Red cell adenylate kinase deficiency: molecular study of 3 new mutations (118G>A, 190G>A, and GAC deletion) associated with hereditary nonspherocytic hemolytic anemia

Joan-Lluis Vives Corrons, Estefania Garcia, Joan J. Tusell, Kottayil I. Varughese, Carol West, Ernest Beutler


We report here 2 patients with chronic nonspherocytic hemolytic anemia (CNSHA) and severe red blood cell (RBC) adenylate kinase (AK) deficiency. One of these patients, a boy of Spanish origin, exhibited a neonatal icterus and splenomegaly and required blood transfusions until the age of 2 years.
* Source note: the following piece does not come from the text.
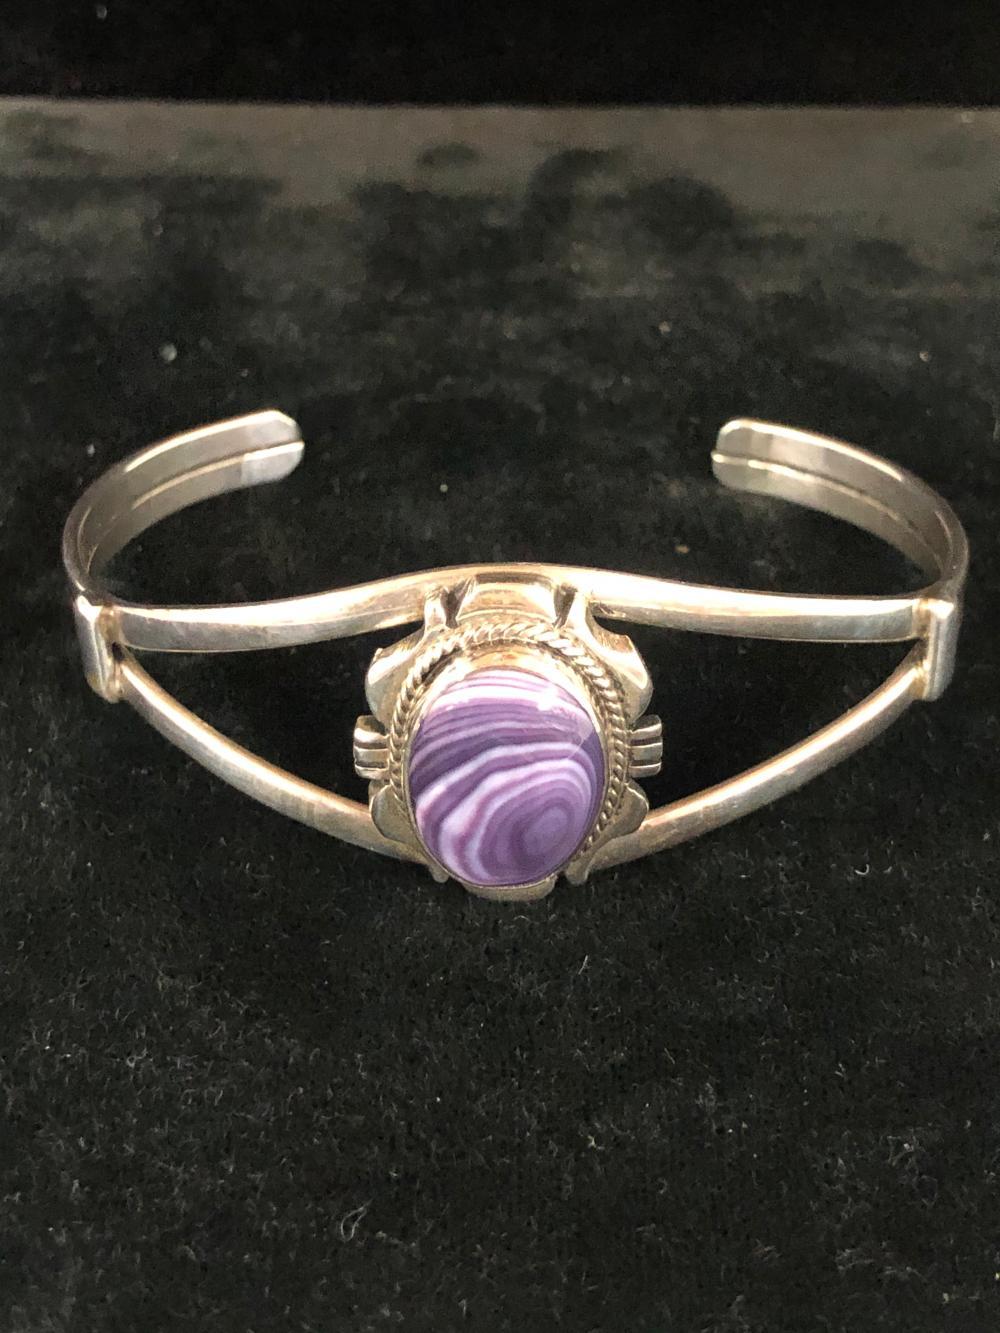 Wampum shell sterling silver cuff bracelet

The other patient was a white, American infant born to parents who were first cousins; he also presented with neonatal icterus and anemia. In neither case was psychomotor impairment observed. The first patient was found to be a compound heterozygote for 2 different missense mutations, 118G>A(Gly40Arg) and 190G>A(Gly64Arg) (cDNA sequence first described by Matsuura et al, 1989). The second patient was homozygous for an in-frame deletion (GAC) from nucleotide (nt) 498 to 500 or nt 501 to 503 of the cDNA sequence, predicting deletion of either aspartic acid (Asp) 140 or 141. The crystal structure of porcine cytosolic AK was used as a molecular model to investigate how these mutations may affect enzyme structure and function. (Blood. 2003;102:353-356)


Adenylate kinase (AK; adenosine triphosphate—adenosine monophosphate [ATP-AMP] phosphotransferase, EC modulates the interconversion of adenine nucleotides: Mg2+ + ATP + AMP = Mg2+ + ADP + ADP.
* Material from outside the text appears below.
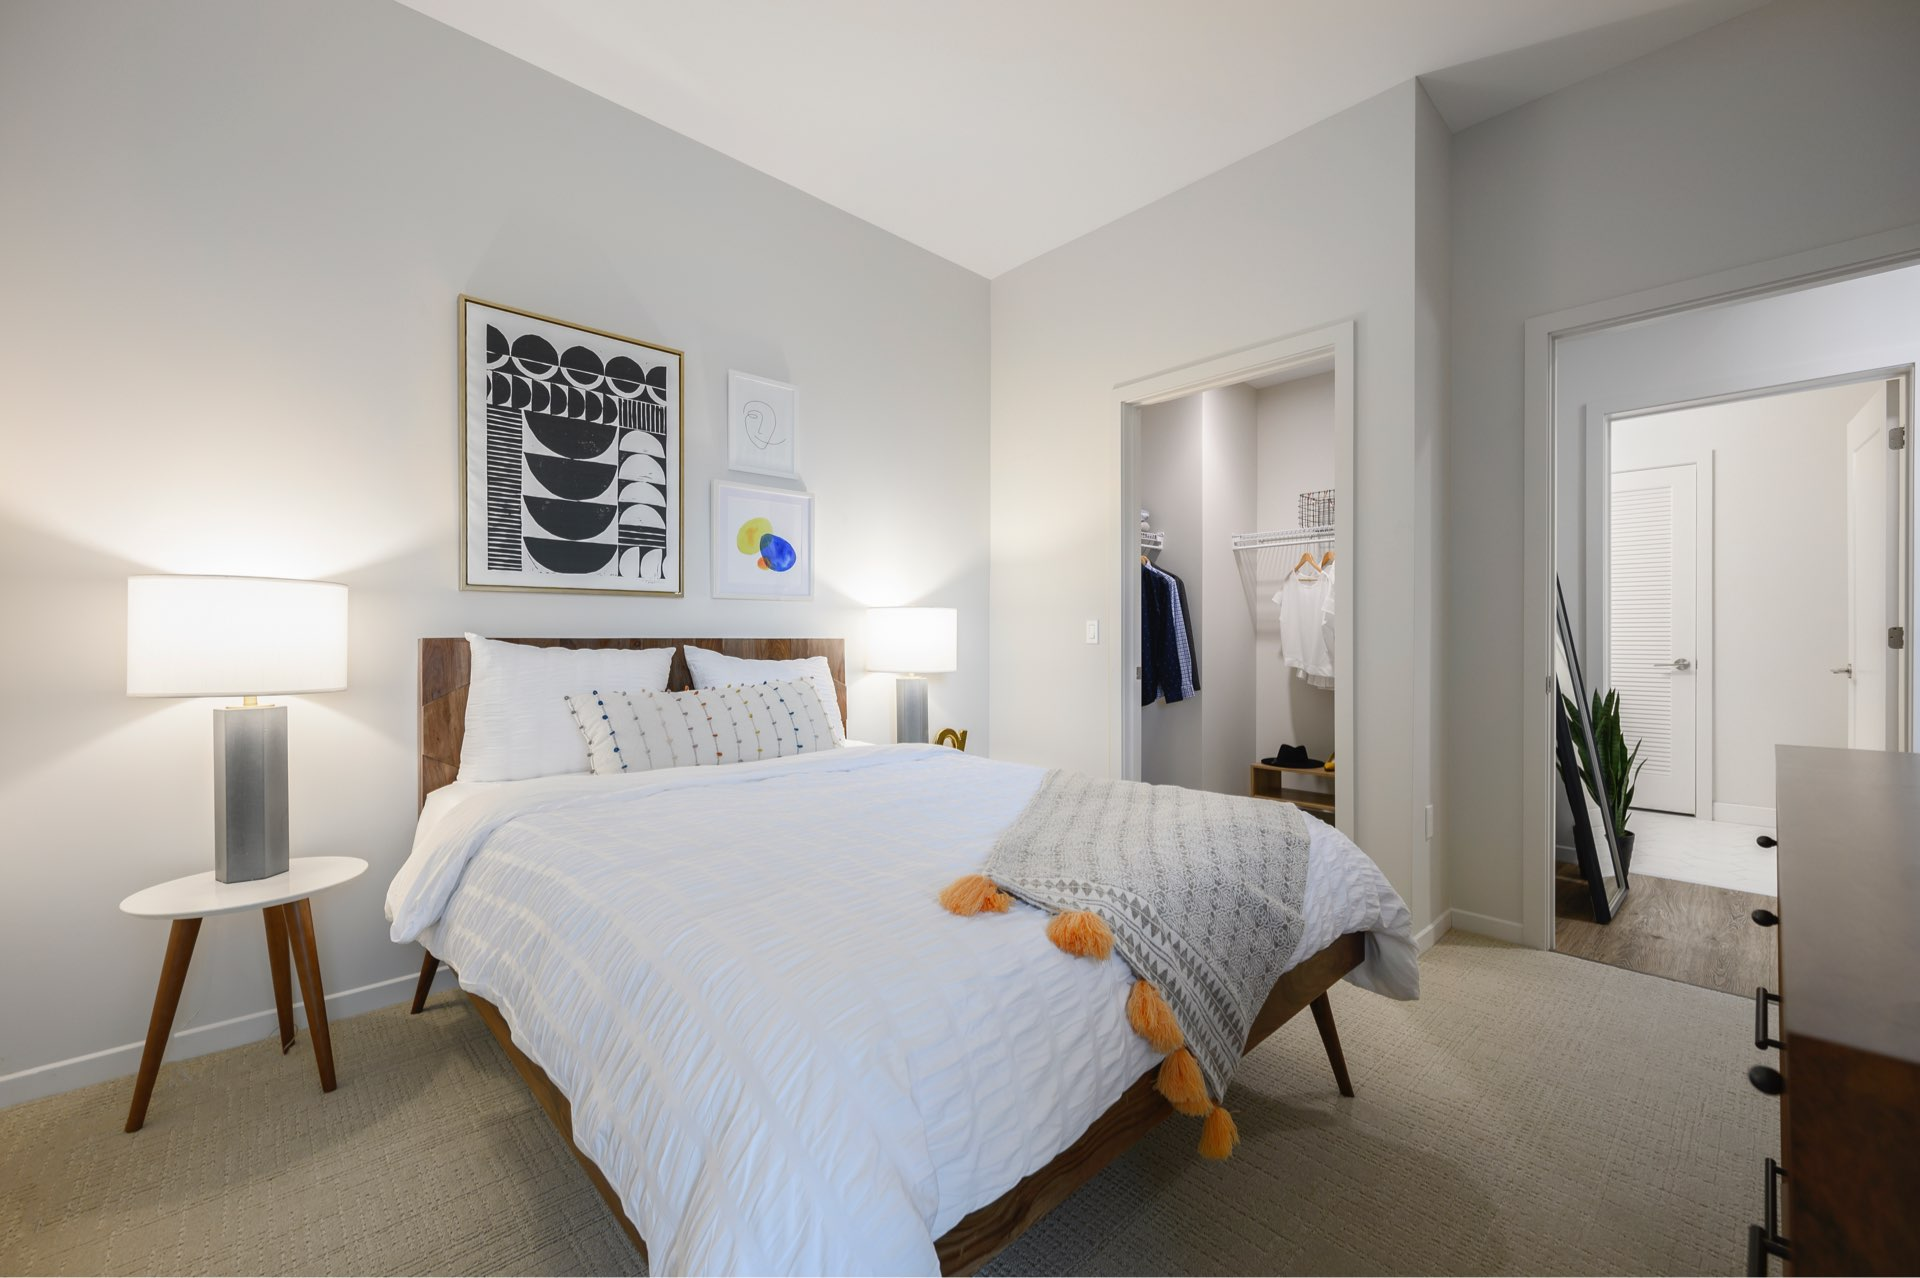 Apartments img 12

AK deficiency is a rare genetic disorder that has been reported in 9 unrelated families distributed worldwide.1-9 Moderate to severe chronic nonspherocytic hemolytic anemia (CNSHA) occurred in all patients except one of black ancestry.4 Therefore, the direct relationship between the reduced erythrocyte survival and the enzyme defect has been questioned by some authors, and other concomitant causes of hemolysis have been hypothesized.4,6,7 Psychomotor impairment has been also observed in about 50% of the reported cases.2,7,9

We report here for the first time 2 cases of moderate red cell AK deficiency associated with CNSHA; 1 of them represents the first description of this enzymopathy in Spain. In one patient's parents half-normal AK activity was found, according to the autosomal recessive mode of inheritance of this enzymopathy. A molecular study of the patient's AK gene disclosed 3 different mutations: 2 point mutations located in exon 4 and leading to a 40 Gly→Arg and to a 64 Gly→Arg substitution, respectively, and a 3-bp deletion located in exon 6 leading to a codon Asp140(or 141) deletion. Apparently, these 3 mutations have not been previously described and accordingly they are considered unique. In order to study the possible effects of these mutations on enzyme molecular structure and function, a human enzyme working model derived from the porcine AK structure, with 95% sequence identity to human AK, was used.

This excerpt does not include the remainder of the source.